UPDATE: I have a much better way to block the Google Web Preview bot from being tracked as a visitor in SiteCatalyst. The original solution I had posted here, required a block of code to be placed at the very top of the s_code file, and your account ID was put into a function call. Then when the s_code was fired, a function would first check the user agent of the visitor to see if it was the Google Web Preview bot, and if so then swap out the account ID with a blank value. The SiteCatalyst code would still fire, but when Omniture received the image request it would get discarded because of the missing account ID. The more I thought about this I figured there had to be a better way. No reason to execute all the s_code javascript and fire off the beacon call when I don’t want that visitor (Google) to be tracked. So after a little brainstorming I came up with a new and improved way to do this. Now when the user agent is determined to be the Google Web Preview bot, then the SiteCatalyst code is prevented from even firing (how it should have been originally). Even better, this can now be done by simply adding a tiny bit of code to the plugin’s section of your s_code file, right next to all your other plugin code. Thats it. No other changes need to happen. No code at the top of the page, no adding calls to functions in the account variable. Just cut, paste, and done.

Here is the code. Just add this right next to all of your other plugins.

 *  Block the Google Web Preview Bot from firing SiteCatalyst code
if(s.u.toLowerCase().indexOf('google web preview')!=-1){s.t=function(){}}

If you are using the original version from below make sure you remove it. And as with any code, make sure you fully test it before deploying to a live site.

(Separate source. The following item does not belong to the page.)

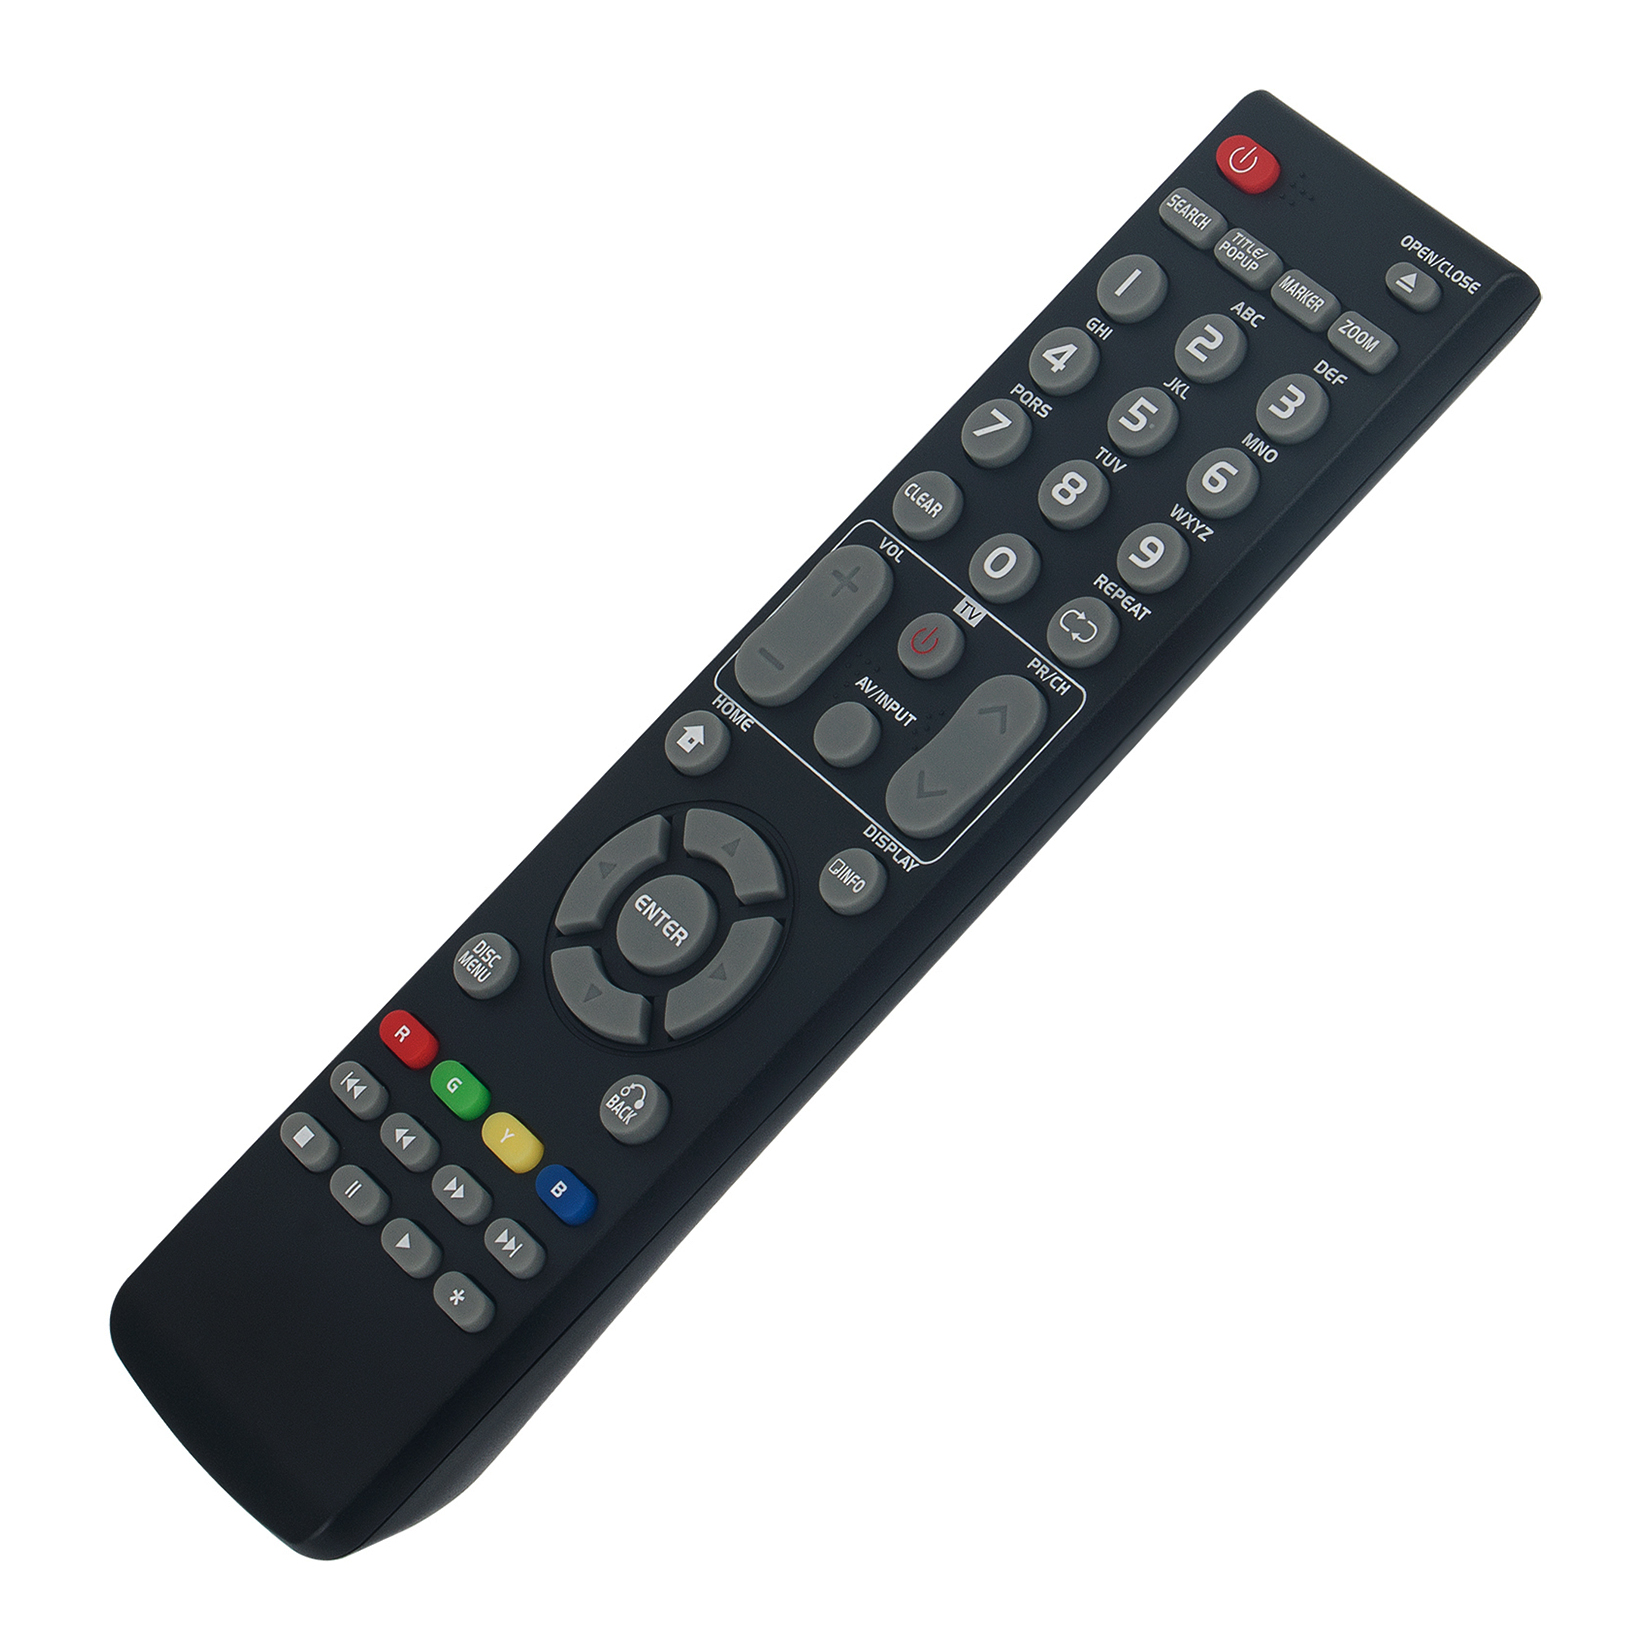 New AKB73375501 Replaced Remote Control Sub AKB73295901 Fit for LG Blu-ray Player BD660N BD645 BP650 BD650 BD650K BD660 BD660K - image 3 of 5

Google Instant Preview, designed to show you a visual preview of your search results, rolled out in early November 2010. You now have the ability to click a small magnifying glass icon next to each search result to get a snapshot of what the page looks like.
Google Instant Preview

Seems like a pretty helpful feature, but how do they do it? Well it would appear that Google has a new spider that crawls the web and takes snapshots of each page in its results. In order for them to get an accurate look at what the page looks like, this new bot needs to able to execute JavaScript. Here is the problem. Since it is executing JavaScript that means it is also firing off the SiteCatalyst code and is being counted as another visitor and is registering page views.

How can you tell if this new Google Web Preview bot hit your site? If you are capturing User Agent you can see it show up in that report:
User Agent Report

NOTE: If you are not capturing user agent and would like to, a super simple way would be to use the SiteCatalyst Dynamic Variable functionality and include s.eVarX=”D=User-Agent”; in your s_code.js file. Just insert the number of the eVar you would like to use (a s.prop would work too) and you are all set.

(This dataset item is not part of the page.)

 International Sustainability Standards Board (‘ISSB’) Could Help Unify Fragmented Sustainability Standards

Another way to see if you are being affected with spider traffic in your report suite from the Google Preview Bot would be to check out a Browser report (Visitor Profile > Technology > Browsers) and filter it to only show visitors using Safari 3.1 and then trend it.
Browser Report
We can see that this report suite has recorded about an additional 15,000 visitors over the last week that is just attributed to Safari 3.1. Checking the User Agent we saw earlier, the Google Web Preview bot is registering itself as Safari 3.1.

Now that we can see that the Google Web Preview bot is having an effect on our traffic how do we get rid of it? We could block that bot in our robots.txt file, but I like having that additional functionality available for my visitors in the Google search results. I just don’t want it to execute my SiteCatalyst code. Well here is how to do it.

I call this my bot detection code (real catchy title, right?). I currently have it just set to look for the Google Web Preview bot, but it could easily be modified to exclude other bots that can execute JavaScript. Here is how you implement it. In your s_code file, at the top you will have a s_account variable that contains your report suite id. It will look something like this:

var s_account="dead"

To implement the bot detection code you will want to change that line to include the function call. It should look like this:

var s_account=botCheck("dead")

Pretty simple so far, right? We just added the function call and included our report suite id in it. Next we have a block of code that needs to be added to the plug-ins section of the s_code file:

function botCheck(b){var c=navigator.userAgent.toLowerCase(),a="";a+=c.indexOf("google web preview")!=-1?"":b;return a};

And that’s all there is to it. So how does it work you ask? What it does is it removes your report suite id if it is the Google Web Preview bot that is accessing the page. The SiteCatalyst code will still fire off, but it will not include the report suite id so it will be discarded by SiteCatalyst and it will not affect your metrics.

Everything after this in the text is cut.